For ten years, Lorri Preston was the voice of Emory University medicine. Preston, 39, died in July of an undiagnosed brain tumor. She had been an NASW member since 1997.

"Most of what was known by the public about Emory medicine, public health, and nursing for the decade of the 1990s came through the voice of Lorri Preston," said Dr. Sylvia Wrobel, assistant vice president for health sciences communications at Emory.

Preston started at Emory in 1989 and rose to be assistant director of media relations for the health sciences communications department. She left in October 1999 to work for the American Cancer Society as director of medical and scientific communications and was later named managing editor of the American Cancer Society News Today, an online magazine.

Her work with Emory and ACS always focused on the people it affected.

"She loved her work because she was very intellectually curious and wanted to do good and help people," Dr. Wrobel said. "She loved the fact that she was getting health news out to the pubic."

Preston started her career as an intern for the U.S. Olympic Committee in Colorado Springs, CO, opening a news bureau at the Olympic training center in Lake Placid, NY, during the 1983-84 Winter Olympic trials. Her work as an intern landed her a full-time position as a public information officer.
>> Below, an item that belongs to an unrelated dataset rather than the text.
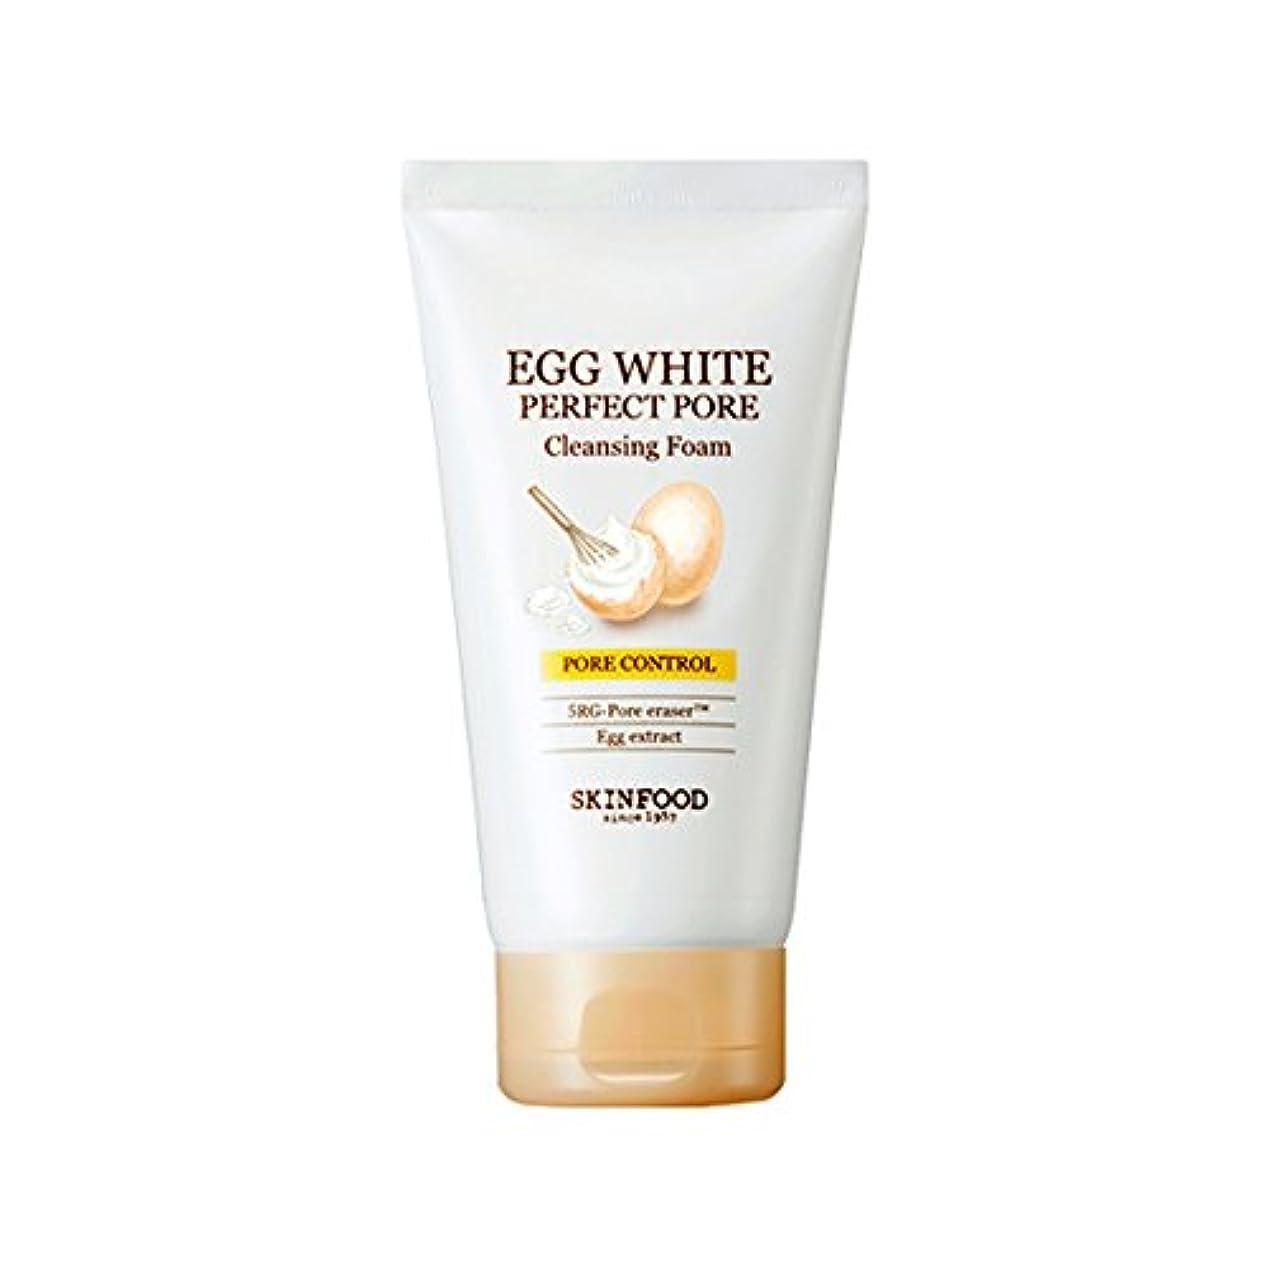 布充電薬理学Skinfood/Egg White Perfect Pore Cleansing Foam/エッグホワイトパーフェクトポアクレンジングフォーム/150ml [並行輸入品]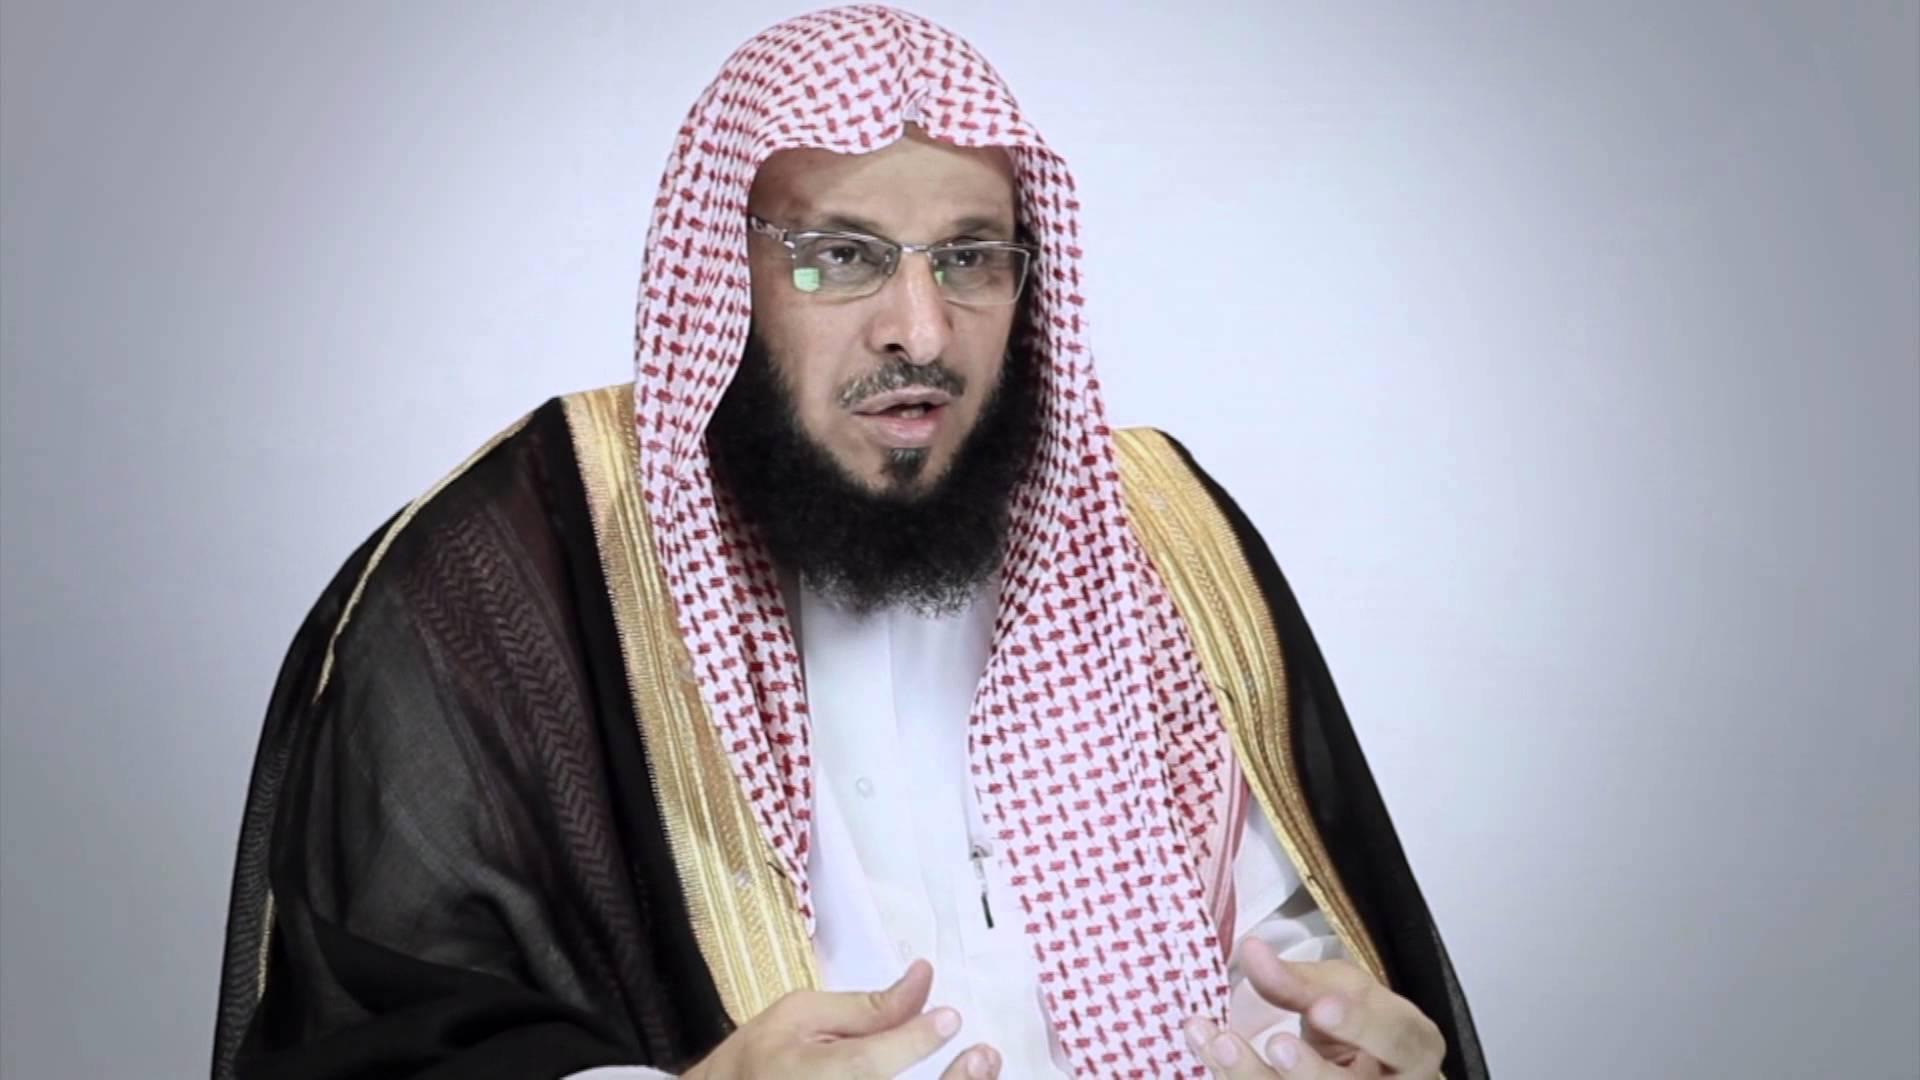 تصویر جایز دانستن رقص در مساجد توسط مفتی سعودی

A native of Bridgeport, CT, Preston was a graduate of Marietta's Walton High School where she played on the school's soccer team as the only girl. She was captain of the women's soccer team at the University of Georgia, where she graduated with a degree in journalism. While at Emory, she received her master's of public health degree in epidemiology.

(Source: Atlanta Journal-Constitution)


ANTHONY BROY

ScienceWriters has also learned of the death of Anthony Broy, a freelance from Elmhurst, NY. He had been an NASW member since 1975.